I also feel a lot better on a pretty specific diet. For me, the fewer grains/carbs, the better; and avoiding food intolerances has also played a significant role in my well-being.

 

[mariovitali]

Speaking of nutrition and its impact, i believe that if an ME/CFS Patient consumes a potent P450 Inhibitor such as Grapefruit there will be an increase of symptoms.

 

[Kati]

Diet would not affect something like this: http://jaha.ahajournals.org/content/7/8/e008351
Which by the way, is hot off the press.

 

[JaimeS]

But it does relate to diet. If you are making multiple kinds of autoantibodies, you may have an increased number of food intolerances as well.

But are we really arguing that diet doesn't matter to health? For everyone / anyone?

No one is suggesting it's curative!

[Edit: Ehhhh even with ME brain I feel we've had this exact conversation before? Let's not beat a dead horse.]

 

[Diwi9]

Speaking of nutrition and its impact, i believe that if an ME/CFS Patient consumes a potent P450 Inhibitor such as Grapefruit there will be an increase of symptoms.

Can you explain this more, I'm curious about the link? Cimetidine has reportedly helped some people with ME/CFS and is a P450 inhibitor I believe.

 

[mariovitali]

Can you explain this more, I'm curious about the link? Cimetidine has reportedly helped some people with ME/CFS and is a P450 inhibitor I believe.

Right, i will try to explain this as much as i can.

ME/CFS is a hypometabolic state. We know this. Since the liver is the main metabolic organ, we do not want to be taking things that slow its metabolic function even further.

Now, regarding what you said about Cimetidine: well spotted... but things are not that simple. different P450 inhibitors inhibit different CYPs in varying levels that may or may not be problematic (ME/CFS-wise) for an individual . To make things worse there are substances that work both as inhibitors and inducers.

My next question for Cimetidine : Of all the people that hve tried it, where there consistent results across time or after some time these people ended up feeling worse than before?

 

[Diwi9]

My next question for Cimetidine : Of all the people that hve tried it, where there consistent results across time or after some time these people ended up feeling worse than before?

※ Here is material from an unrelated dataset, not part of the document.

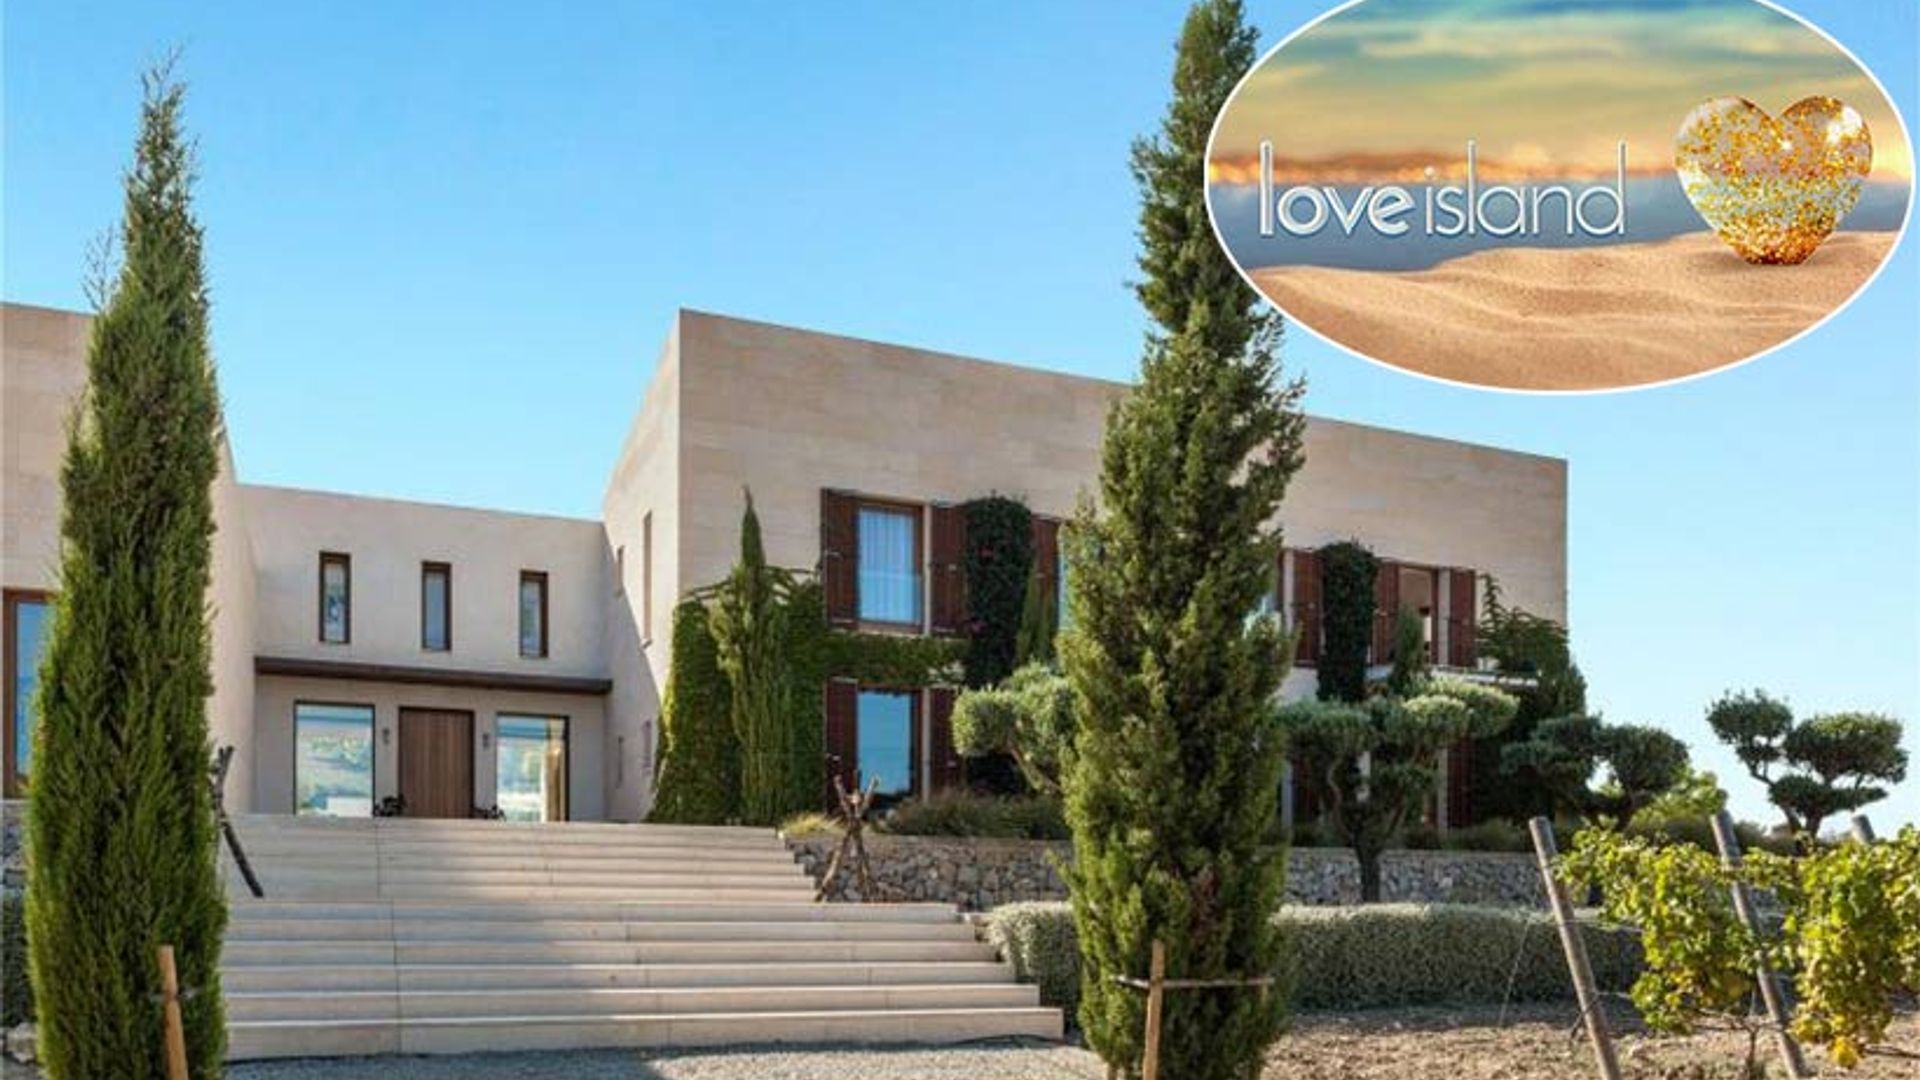 Love Island villa 1

It was the first thing that helped me...when I was really, really sick. However, it stopped working after sometime. The effect it had was to take the edge off the absolute flu-like feeling. My doctor said that is because it is an H2 blocker...so maybe MCAS-related? I know that it can potentiate certain drugs that access the same pathway, in this sense cimetidine can be helpful and harmful.

 

[mariovitali]

It was the first thing that helped me...when I was really, really sick. However, it stopped working after sometime. The effect it had was to take the edge off the absolute flu-like feeling. My doctor said that is because it is an H2 blocker...so maybe MCAS-related? I know that it can potentiate certain drugs that access the same pathway, in this sense cimetidine can be helpful and harmful.

Sure, makes sense. The P450 inhibition does potentiate certain drugs since they are being metabolized slower, hence the active ingredient stays more time in your body.

An interesting question would be whether you ultimately ended up feeling worse after this initial positive outcome.

 

[Diwi9]

Sure, makes sense. The P450 inhibition does potentiate certain drugs since they are being metabolized slower, hence the active ingredient stays more time in your body.

An interesting question would be whether you ultimately ended up feeling worse after this initial positive outcome.

I don't have a specific recollection as it was a year ago and I would often overdo it and crash back then when I felt a bit better.

 

[adambeyoncelowe]

Cimetidine makes my amitriptyline work better because of its effects on liver metabolism.